# Assignment:
Nothing is needed except the lines below that run from the one with "Method and apparatus for exchanging" through the one with "65758XCT – 2015", repeated exactly.

# Exercise inputs:
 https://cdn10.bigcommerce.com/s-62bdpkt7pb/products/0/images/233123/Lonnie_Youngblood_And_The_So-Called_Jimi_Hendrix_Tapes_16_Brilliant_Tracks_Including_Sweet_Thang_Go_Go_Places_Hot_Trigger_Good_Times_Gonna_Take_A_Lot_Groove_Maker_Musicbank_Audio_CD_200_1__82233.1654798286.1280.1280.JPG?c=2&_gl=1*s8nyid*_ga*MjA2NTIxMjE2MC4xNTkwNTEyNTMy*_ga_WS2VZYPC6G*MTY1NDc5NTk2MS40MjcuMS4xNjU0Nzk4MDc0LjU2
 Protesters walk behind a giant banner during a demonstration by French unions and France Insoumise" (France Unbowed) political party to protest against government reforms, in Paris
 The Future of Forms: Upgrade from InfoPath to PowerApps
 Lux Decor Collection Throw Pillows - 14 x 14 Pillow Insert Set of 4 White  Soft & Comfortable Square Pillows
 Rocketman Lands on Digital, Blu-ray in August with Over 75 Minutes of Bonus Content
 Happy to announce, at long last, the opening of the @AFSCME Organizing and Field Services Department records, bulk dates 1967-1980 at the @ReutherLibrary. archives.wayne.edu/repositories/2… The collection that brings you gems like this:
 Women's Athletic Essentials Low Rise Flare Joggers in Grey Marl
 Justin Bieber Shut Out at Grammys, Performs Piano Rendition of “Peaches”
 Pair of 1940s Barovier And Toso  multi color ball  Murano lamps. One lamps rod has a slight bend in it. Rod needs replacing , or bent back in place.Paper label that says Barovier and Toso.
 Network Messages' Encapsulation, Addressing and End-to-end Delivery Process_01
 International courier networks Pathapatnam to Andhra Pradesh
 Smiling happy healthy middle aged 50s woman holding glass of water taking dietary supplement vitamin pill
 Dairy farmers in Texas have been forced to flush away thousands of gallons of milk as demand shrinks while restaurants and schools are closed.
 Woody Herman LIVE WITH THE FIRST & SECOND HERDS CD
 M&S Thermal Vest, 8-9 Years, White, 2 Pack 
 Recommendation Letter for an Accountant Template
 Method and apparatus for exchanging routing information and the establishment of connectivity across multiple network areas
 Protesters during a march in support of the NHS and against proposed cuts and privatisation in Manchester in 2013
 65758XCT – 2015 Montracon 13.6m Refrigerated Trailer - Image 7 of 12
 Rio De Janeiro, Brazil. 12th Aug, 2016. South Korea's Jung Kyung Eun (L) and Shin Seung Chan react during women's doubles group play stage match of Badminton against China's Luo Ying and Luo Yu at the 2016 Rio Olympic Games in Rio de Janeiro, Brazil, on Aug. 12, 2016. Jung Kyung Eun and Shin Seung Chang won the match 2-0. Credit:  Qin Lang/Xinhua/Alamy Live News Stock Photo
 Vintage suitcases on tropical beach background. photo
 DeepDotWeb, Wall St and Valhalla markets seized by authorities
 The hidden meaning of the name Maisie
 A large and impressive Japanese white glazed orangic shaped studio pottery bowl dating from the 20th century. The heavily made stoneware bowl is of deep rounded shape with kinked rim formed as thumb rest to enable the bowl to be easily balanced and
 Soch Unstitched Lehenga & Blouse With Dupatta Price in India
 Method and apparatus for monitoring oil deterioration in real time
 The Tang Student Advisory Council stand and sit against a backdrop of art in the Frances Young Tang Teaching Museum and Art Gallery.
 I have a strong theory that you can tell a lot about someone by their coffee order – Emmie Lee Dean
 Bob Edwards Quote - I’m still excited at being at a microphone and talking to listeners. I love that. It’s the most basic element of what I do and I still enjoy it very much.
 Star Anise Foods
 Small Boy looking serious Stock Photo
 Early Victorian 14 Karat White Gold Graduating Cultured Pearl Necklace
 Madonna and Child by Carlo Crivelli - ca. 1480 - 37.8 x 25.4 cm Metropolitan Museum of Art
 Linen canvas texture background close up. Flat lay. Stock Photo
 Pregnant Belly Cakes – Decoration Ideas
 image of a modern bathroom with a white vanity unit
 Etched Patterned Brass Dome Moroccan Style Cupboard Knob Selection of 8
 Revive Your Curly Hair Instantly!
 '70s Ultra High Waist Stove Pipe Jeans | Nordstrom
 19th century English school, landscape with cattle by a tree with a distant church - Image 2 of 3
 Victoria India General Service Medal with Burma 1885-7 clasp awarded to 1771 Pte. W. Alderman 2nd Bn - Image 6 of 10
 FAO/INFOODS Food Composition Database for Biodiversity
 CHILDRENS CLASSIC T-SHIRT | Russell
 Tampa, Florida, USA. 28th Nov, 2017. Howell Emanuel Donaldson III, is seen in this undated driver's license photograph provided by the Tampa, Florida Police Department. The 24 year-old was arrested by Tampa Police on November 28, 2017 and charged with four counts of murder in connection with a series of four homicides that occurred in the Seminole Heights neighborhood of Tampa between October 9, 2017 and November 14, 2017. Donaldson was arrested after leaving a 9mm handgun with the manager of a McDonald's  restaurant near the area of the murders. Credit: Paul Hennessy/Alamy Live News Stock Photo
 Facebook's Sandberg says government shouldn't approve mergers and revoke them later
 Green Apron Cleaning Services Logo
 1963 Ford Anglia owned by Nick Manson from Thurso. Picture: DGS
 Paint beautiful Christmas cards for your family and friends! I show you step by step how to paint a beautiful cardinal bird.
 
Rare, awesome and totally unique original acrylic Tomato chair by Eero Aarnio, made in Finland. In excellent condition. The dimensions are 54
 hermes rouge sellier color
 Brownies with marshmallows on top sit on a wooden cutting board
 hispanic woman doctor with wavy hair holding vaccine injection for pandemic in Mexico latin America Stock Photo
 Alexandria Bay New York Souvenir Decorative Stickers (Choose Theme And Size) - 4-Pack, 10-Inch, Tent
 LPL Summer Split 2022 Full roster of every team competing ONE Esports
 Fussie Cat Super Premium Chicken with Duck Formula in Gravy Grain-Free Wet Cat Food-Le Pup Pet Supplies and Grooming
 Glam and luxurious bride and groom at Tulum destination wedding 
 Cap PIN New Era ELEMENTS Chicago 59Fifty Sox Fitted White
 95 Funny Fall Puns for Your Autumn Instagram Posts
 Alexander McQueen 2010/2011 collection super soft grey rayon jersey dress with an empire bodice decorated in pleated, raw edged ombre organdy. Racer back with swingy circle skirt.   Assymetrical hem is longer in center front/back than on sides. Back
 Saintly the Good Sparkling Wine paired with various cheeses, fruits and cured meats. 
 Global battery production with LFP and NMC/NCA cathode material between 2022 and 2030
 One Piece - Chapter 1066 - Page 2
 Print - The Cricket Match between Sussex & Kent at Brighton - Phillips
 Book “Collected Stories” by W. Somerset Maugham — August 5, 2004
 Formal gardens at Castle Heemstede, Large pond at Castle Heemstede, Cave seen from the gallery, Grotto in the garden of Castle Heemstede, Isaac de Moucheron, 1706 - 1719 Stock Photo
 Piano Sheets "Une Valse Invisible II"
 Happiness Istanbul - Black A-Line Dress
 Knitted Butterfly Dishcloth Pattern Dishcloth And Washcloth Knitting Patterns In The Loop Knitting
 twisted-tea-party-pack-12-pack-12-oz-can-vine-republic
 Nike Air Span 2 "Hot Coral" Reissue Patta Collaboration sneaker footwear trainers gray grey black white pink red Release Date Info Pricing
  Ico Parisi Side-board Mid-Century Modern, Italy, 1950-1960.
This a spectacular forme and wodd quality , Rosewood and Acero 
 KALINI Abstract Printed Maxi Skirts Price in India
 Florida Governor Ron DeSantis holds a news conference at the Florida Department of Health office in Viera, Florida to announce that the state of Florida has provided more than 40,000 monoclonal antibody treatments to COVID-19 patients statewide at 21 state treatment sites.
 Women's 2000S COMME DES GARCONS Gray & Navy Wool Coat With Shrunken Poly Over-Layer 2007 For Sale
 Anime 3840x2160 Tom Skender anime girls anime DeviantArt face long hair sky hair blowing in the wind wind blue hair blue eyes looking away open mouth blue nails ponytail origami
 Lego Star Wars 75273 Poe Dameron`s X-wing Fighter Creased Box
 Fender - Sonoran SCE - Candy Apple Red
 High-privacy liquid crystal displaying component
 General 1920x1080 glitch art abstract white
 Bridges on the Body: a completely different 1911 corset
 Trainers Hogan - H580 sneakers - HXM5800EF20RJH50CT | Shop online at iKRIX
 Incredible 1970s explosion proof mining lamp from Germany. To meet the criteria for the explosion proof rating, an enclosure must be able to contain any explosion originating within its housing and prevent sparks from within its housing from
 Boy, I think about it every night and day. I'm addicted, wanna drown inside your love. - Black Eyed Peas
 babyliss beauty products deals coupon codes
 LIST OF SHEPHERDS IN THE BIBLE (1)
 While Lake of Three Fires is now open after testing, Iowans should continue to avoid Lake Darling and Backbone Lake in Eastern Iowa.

# Task answer:
 Method and apparatus for exchanging routing information and the establishment of connectivity across multiple network areas
 Protesters during a march in support of the NHS and against proposed cuts and privatisation in Manchester in 2013
 65758XCT – 2015 Montracon 13.6m Refrigerated Trailer - Image 7 of 12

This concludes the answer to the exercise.